This may be weekly takings, with year being the accounting year and the period number being the week number, or it might simply be account movements or payroll by accounting year and accounting period, 1 to 12.

This is a sensible way to store the data but it can make selecting a range quite tricky, so I thought I would share a little trick I use to simplify this problem.

The problem:

Where data has a date attached, for example a transaction date, or a month end date for the type of data we are discussing here, we can use the following IF statement to determine whether a transaction/movement is within a date range:

Where A2 holds the transaction date and G1 holds the Start Date of the range we want to look at and H1 holds the End Date.

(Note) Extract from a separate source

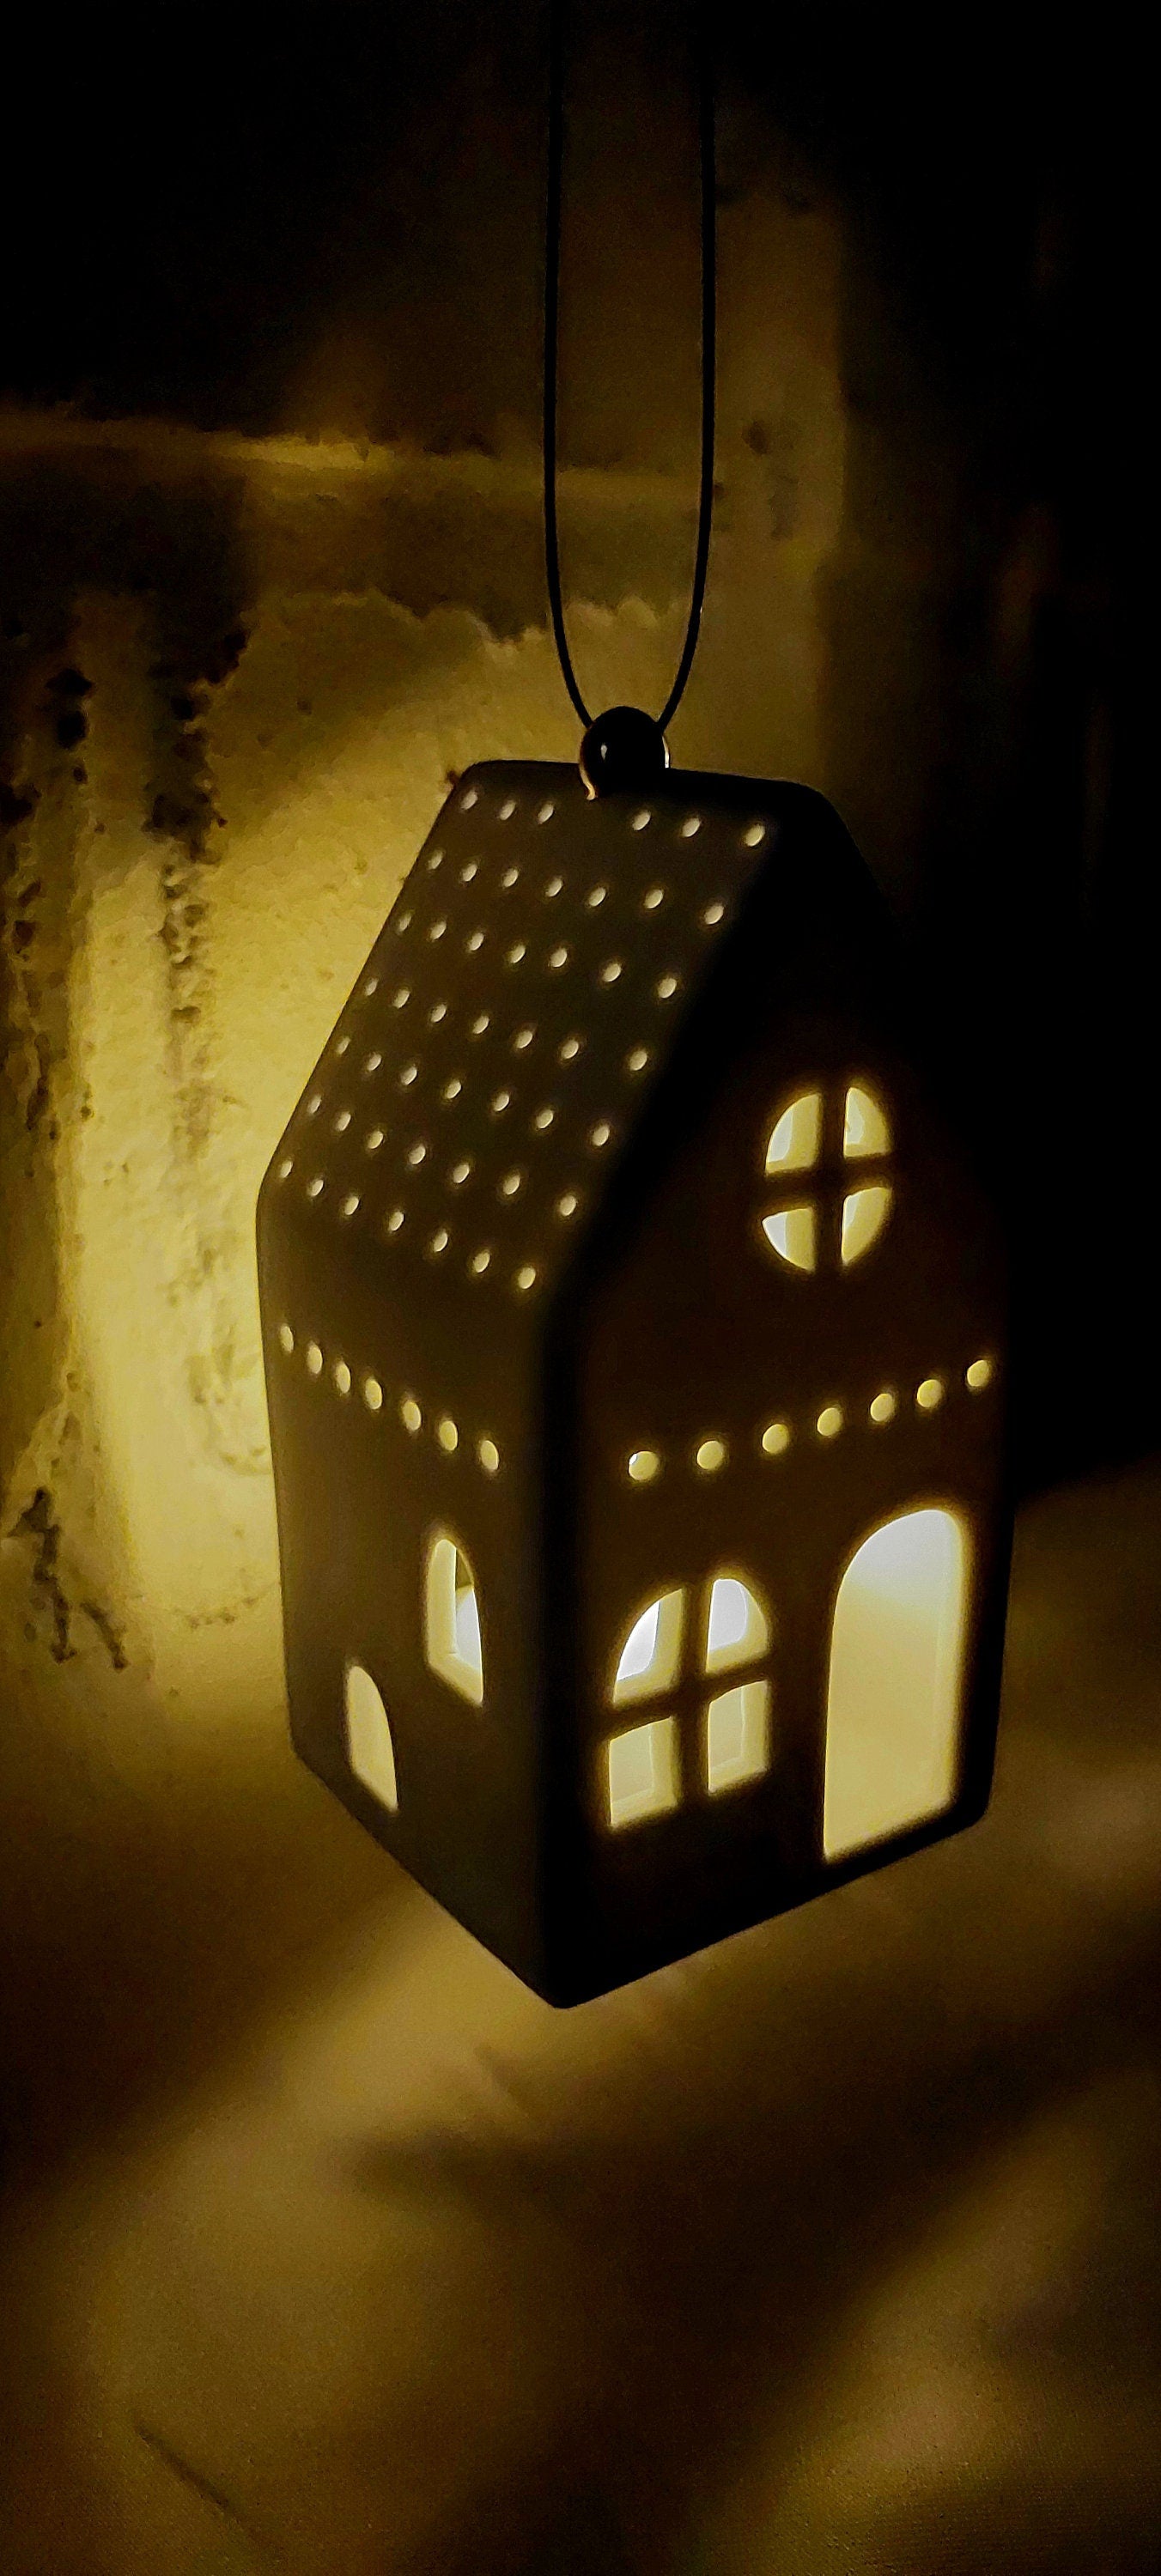 Lichthaus ECKIG  aus weißem Porzellan handgemacht sorgt für wohnliche Akzente..., Teelicht, Kerzenhalter

=IF(AND(A2>=$G$1,A2<=$H$1),"Yes","No")

Answers the question whether A2 is within the range G1 to H1.

(If you need a refresher on the IF statement, take a look at my earlier post).

Where we have a Year and Period Number, this doesn't work. If the range straddles a year end, you want to include, say, period 12 from the first year but not from the second.

The Solution:

To make it much easier, we need to create a working column that combines the two into a sequential number. We can do this with a simple calculation:

Where B2 holds the year and C2 holds the period we can enter the following in D2:

=(B2*100)+C2

This will convert the year and period into a 6-digit number where all periods are in sequence, so...

Where B2=2012 and C2 =7, the formula returns 201200 + 7 = 201207

It is possible that the year and period are held as text rather than as a number, in this case you would use the VALUE function to convert the text to values:

=(VALUE(B2)*100)+VALUE(C2)

If we now state the start and end of the period range in the same format (in cells G1 and H1 as before), we can use the same approach as for dates to identify the range using our working column D, i.e.

=IF(AND(D2>=$G$1,D2<=$H$1),"Yes","No") 

Column D could also be used to sort the data, as we now how have a column that identifies the correct chronological order.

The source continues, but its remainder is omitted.